WESTWOOD, CA — As the temperature began dipping below eighty, Matthew Park, a junior at UCLA, felt the familiar festive tingle in the air and knew it was that time of year again. As his friends packed to visit their hometowns, Park eagerly began to prepare his own suitcase for his annual return to the closet.
“It’s been such a long time!” says Park quite animatedly. “I’m so used to being comfortable with my identity and having all my peers accept me as I am. I’ve been getting nostalgic about having nightmares of being tortured in hell every time my heart skipped for another dude.”
One of the most exciting parts of going home for the holidays is that Park would not be making the journey alone. It has become a Christmas tradition for Park to phone his friend Tanya Chao to be his date for holiday dinner. Park and Chao had been close friends all throughout high school, where they were honored as the Most Valuable Players of their track and field team every year. Both went on to attend the same university, where Park continued to run track while Chao joined the rugby team. Both found romantic partners of their respective genders.
“See, it works out so perfectly!” says Park. “Since Tanya and I have always been so close, everyone back home just assumes that we’re dating.

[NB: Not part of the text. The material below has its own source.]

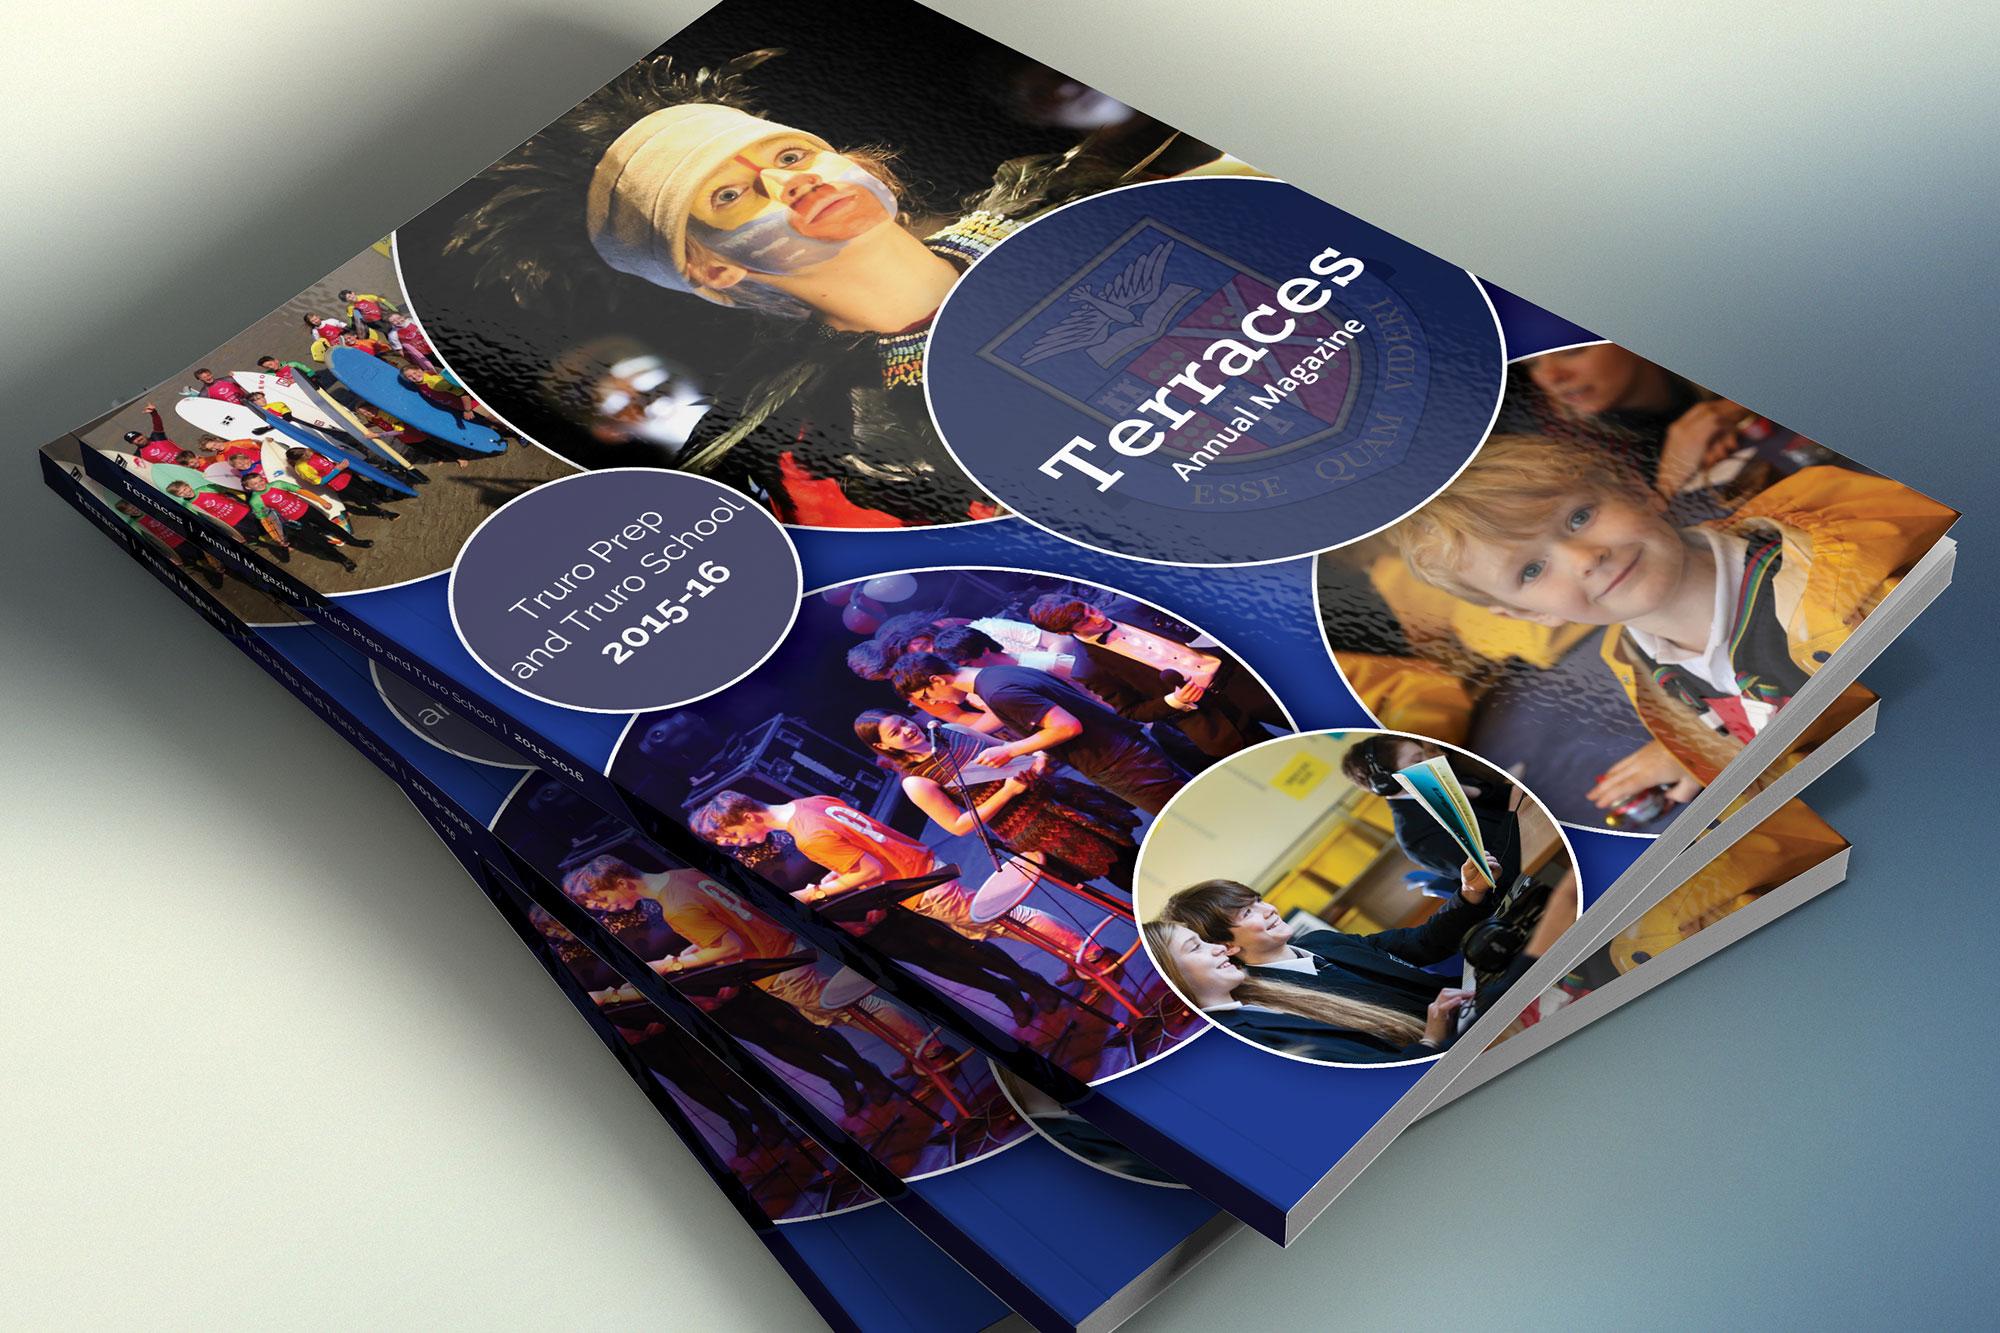 Truro School Terraces magazine

And we’re always happy to help each other out and keep each other’s gay at bay, just for a little while.”
Chao admits that while the situation is not ideal, it is better than the arrangement that she had maintained prior.
“My girlfriend Mica would come home with me during school breaks, and I would have to introduce her as my best friend,” said Chao. “My parents started getting suspicious when they would ask us about our boyfriends and we’d both start cracking up. It also didn’t help that we always fell asleep on the living room couch spooning while ‘The L Word’ was still playing on the TV.”
Park is thankful that having Chao over for a single dinner over the course of a year is enough to convince his family that his heterosexual love life is thriving.
“It isn’t great that I have to deny the existence of the most important person in my life on a day that celebrates all the profound and meaningful relationships we have,” says Park. “But it is sort of nice to relive the days when I couldn’t even try to find a romantic relationship due to the vicious rumor mill of my town. You know, sometimes we regard the toxic environments we grew up in with comforting familiarity. So then we’ll always feel compelled to return to it, because it’s really all we know. I guess that’s why I always look forward to this sham dinner, where I can go back to pretending that I’m the perfect child that my parents love, rather than someone with what they think is a mental illness that will condemn me to hell.” Park laughs. “It’s either no homo or no home, I guess!”
Park and Chao leave for home the day after finals. Both will take the Flyaway bus to the airport, where they will sit together and practice holding hands while actively trying not to cry.